In contrast, crosslinked polyvinylpyrrolidone (“crosslinked PVP” or “PVP-P”) has a high molecular weight and a high degree of crosslinking. It is produced by base-catalyzed polymerization of NVP. Crosslinked PVP is usually produced by one of two general methods. In one approach, NVP is polymerized in the presence of an added difunctional crosslinker. In another approach, the crosslinker is generated “in situ” in a two-stage process. In the first stage, an aqueous mixture containing N-vinylpyrrolidone (NVP) and about 0.4 to 0.8 wt. %, based on the amount of NVP, of an alkali metal hydroxide (usually NaOH) is heated to about 140° C. to generate divinyl crosslinkers. After several hours, the mixture is cooled to about 100° C., and polymerization begins.
Crosslinked PVP is not soluble in water or alcohols. Therefore, impurities cannot be removed by forming a solution and treating it with, for example, an ion-exchange resin or activated carbon. Instead, a typical workup for PVP-P starts with extensive water washing to remove residual alkali metal hydroxide residues. Usually, the polymer is washed until the pH of the washings is close to 7. This is followed by washing with aqueous acid to neutralize base and convert residual NVP to the less-toxic 2-pyrrolidone. A final water wash is then used to remove traces of acid from the PVP-P.
A large volume of water is needed in the three steps to purify the polymer, so a lot of wastewater is generated. Consequently, a PVP-P manufacturer has high disposal costs. Moreover, because the waste-water from the initial washing step normally contains a high concentration (100-1000 ppm) of NVP, the manufacturer must find an environmentally acceptable way to dispose of this relatively toxic waste stream.
U.S. Pat. No. 5,239,053 teaches a process for purifying vinyl lactam polymers, including crosslinked and linear (uncrosslinked) PVP. The reference does not deal with issues of waste volume or toxicity.
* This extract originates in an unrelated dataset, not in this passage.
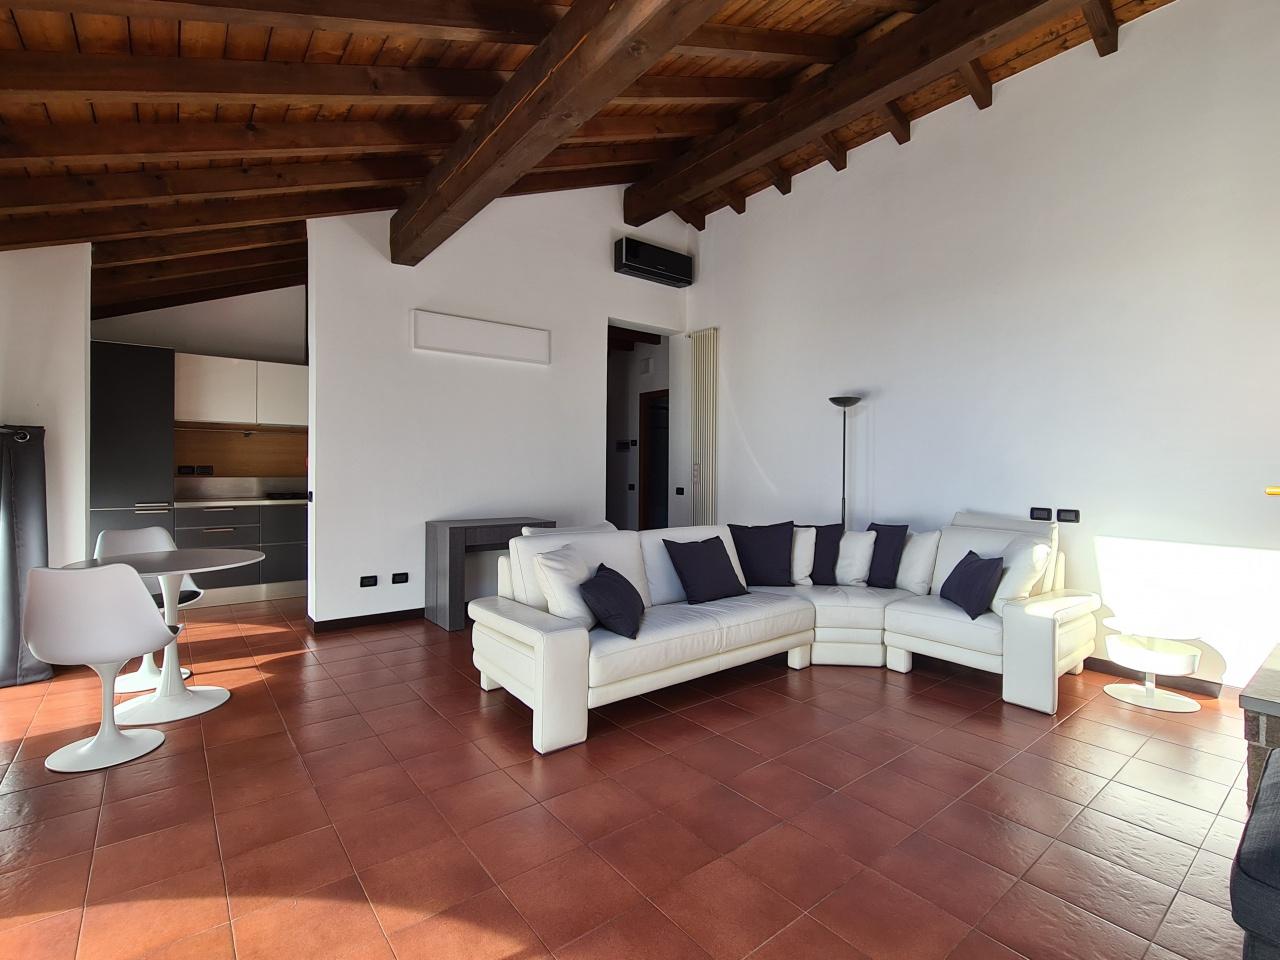 Appartamento in affitto a Calvenzano, 3 locali, prezzo € 700 | PortaleAgenzieImmobiliari.it

Residual NVP is eliminated by treatment with an acid or carbon dioxide. In the examples that show how to treat crosslinked PVP (see Examples 1, 9, 10, and 12), the polymer samples are first washed several times with water and are then “reconstituted” with water to give an aqueous mixture having an approximately neutral pH. These washing steps, which are performed prior to any acid or carbon dioxide treatment, generate an aqueous waste stream that contains a substantial amount of NVP. Ideally, such a waste stream would be avoided.
One way to avoid using large volumes of water is to simply reduce the amount of water in the aqueous wash solutions. Another possible solution is to skip water washing and use only aqueous acid (to remove NVP) followed by aqueous NaOH (to neutralize acid). Unfortunately, these approaches usually give PVP-P that does not meet at least one of the important product specifications. Crosslinked PVP used in beverage clarification, for example, requires a neutral polymer having residual NVP<5 ppm and residual Na<250 ppm.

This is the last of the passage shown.